The Trevo Retriever was used exclusively in the DAWN Trial and was included in the DEFUSE 3 study – producing the largest cohort of data for a single device across the two late window stroke trials that led to the recent updates to the American Heart Association (AHA)/American Stroke Association (ASA) guidelines. Based on the depth of clinical evidence, stent retrievers like the Trevo Retriever are recommended as the standard of care for stroke patients experiencing a large artery blockage by the AHA’s Stroke Guidelines.2

“FDA clearance and CE approval of the Trevo Retriever have effectively quadrupled the treatment window from zero-six hours to zero-24 hours from time last seen well. Nonetheless, every minute still matters because in each individual patient, the earlier the blood flow is restored to the brain, the lower the resultant burden of permanent brain damage. Therefore, it is still imperative that all caregivers in the stroke pathway – from EMS to emergency room physicians to stroke neurologists to interventionalists – continue to deliver the fastest and most workflow-efficient treatment of stroke,” said Dr. Tudor Jovin, University of Pittsburgh Medical Center.

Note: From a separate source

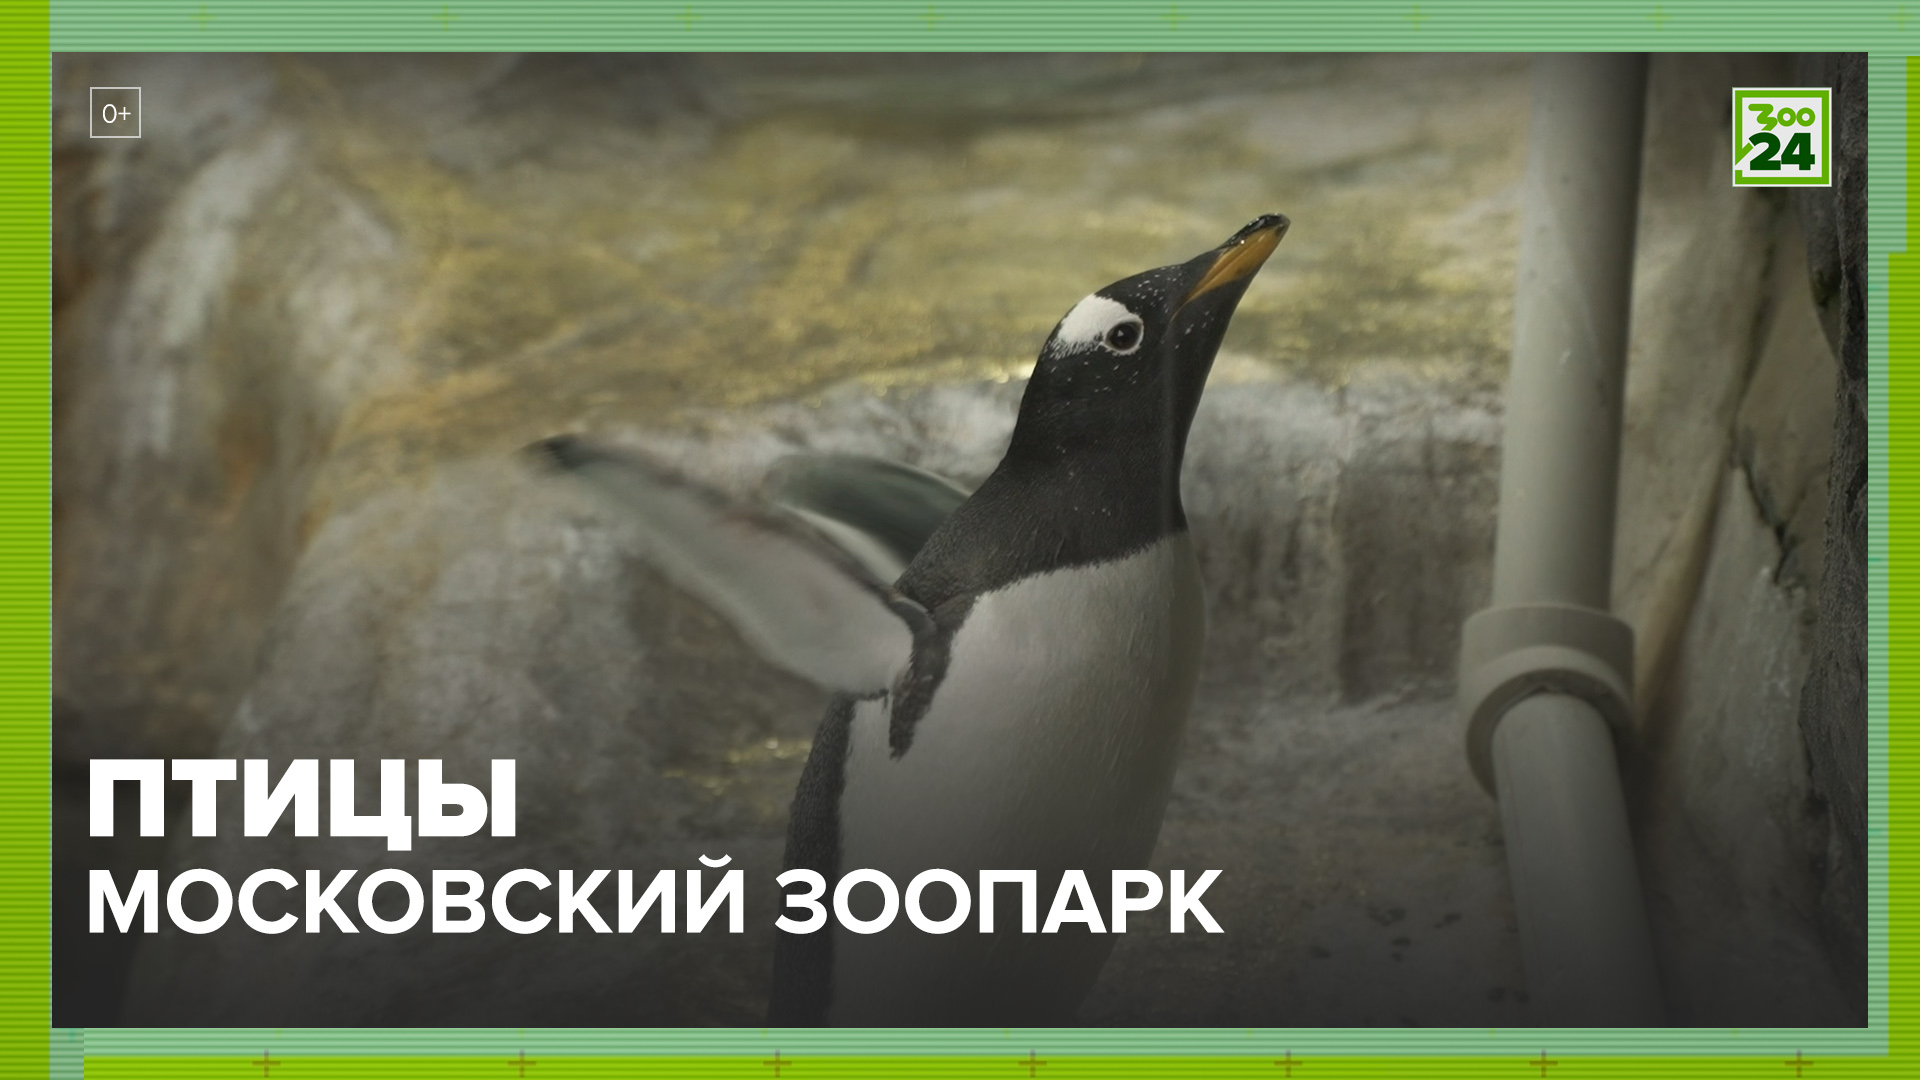 Птицы | Московский зоопарк | ЗОО 24
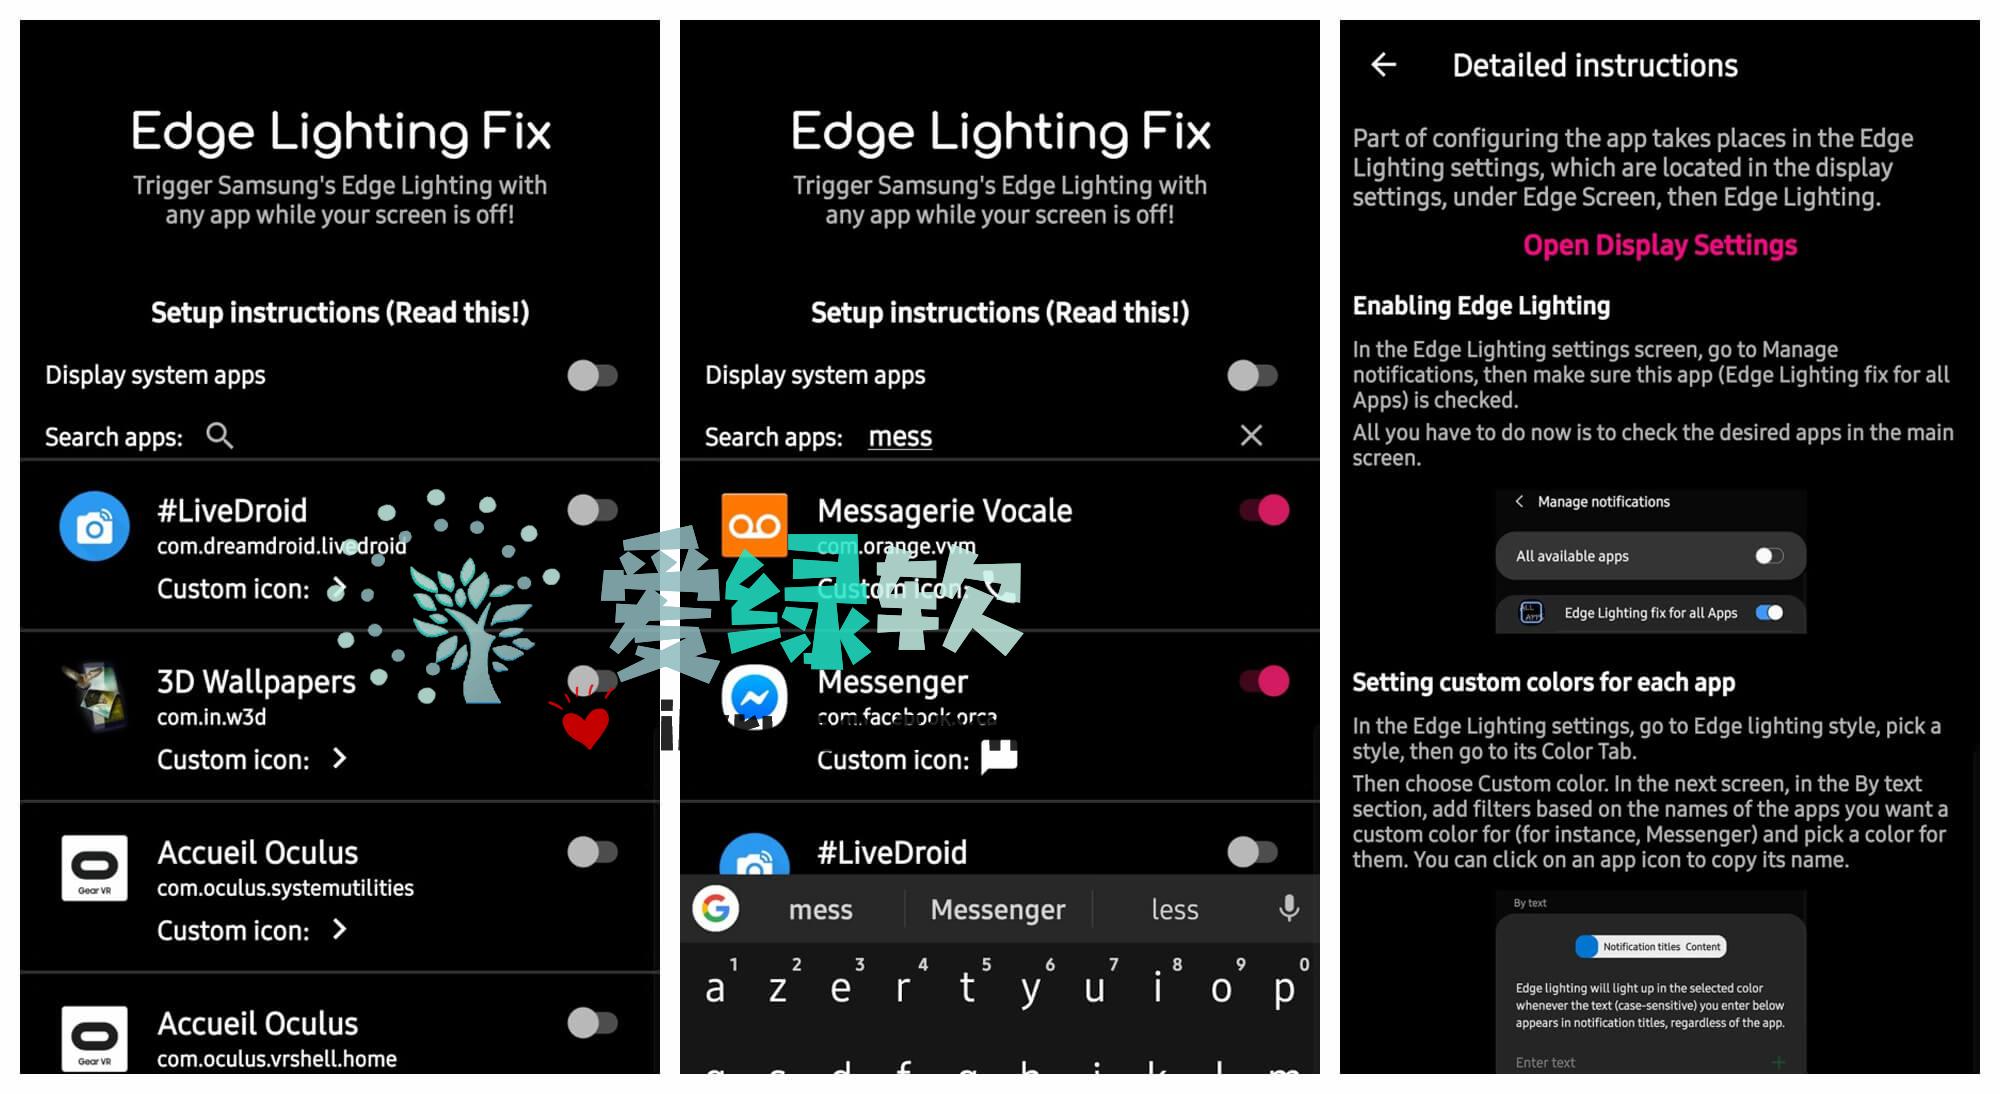 安卓 三星边缘辅助 Edge Lighting fix for All Apps v1.27 付费解锁特别版

About Ischemic Stroke3,4,5,6 
An ischemic stroke occurs when an artery in the brain becomes blocked by a blood clot or other substance such as plaque, a fatty material. Blood vessels carry blood, oxygen and nutrients throughout the body and to the brain. When the brain is deprived of blood and oxygen, it fails to work properly. Depending on the severity of the stroke and the area of the brain affected, loss of brain function or death may occur. Ischemic stroke is the most common type of stroke, accounting for 87% of stroke cases. Each year, 17 million people in the world suffer a stroke and 6.5 million people die from a stroke.


References

  1. Nogueira R.G. et. al. Thrombectomy 6 to 24 Hours after Stroke with a Mismatch between Deficit and Infarc. November 11, 2017, at NEJM.org
  2. Powers, W.J. et. al. 2018 Guidelines for the Early Management of Patients with Acute Ischemic Stroke: A Guideline for Healthcare Professionals from the
    American Heart Association/American Stroke Association. January 30, 2018, at stroke.ahajournals.org
  3. American stroke association / www.strokeassociation.org
  4. Mahon S, et al. Primary prevention of stroke and cardiovascular disease in the community (PREVENTS): Methodology of a health wellness coaching intervention to reduce stroke and cardiovascular disease risk, a randomized clinical trial. International Journal of Stroke, 2017;0(0):1-10.
  5. Saver, JL. Time Is Brain. Quantified. Stroke, 2006;37:263-6.
  6. Sudha S, et al. The Lifetime Risk of Stroke. Estimated From the Framingham Study. Stroke, 2006;37:345-50.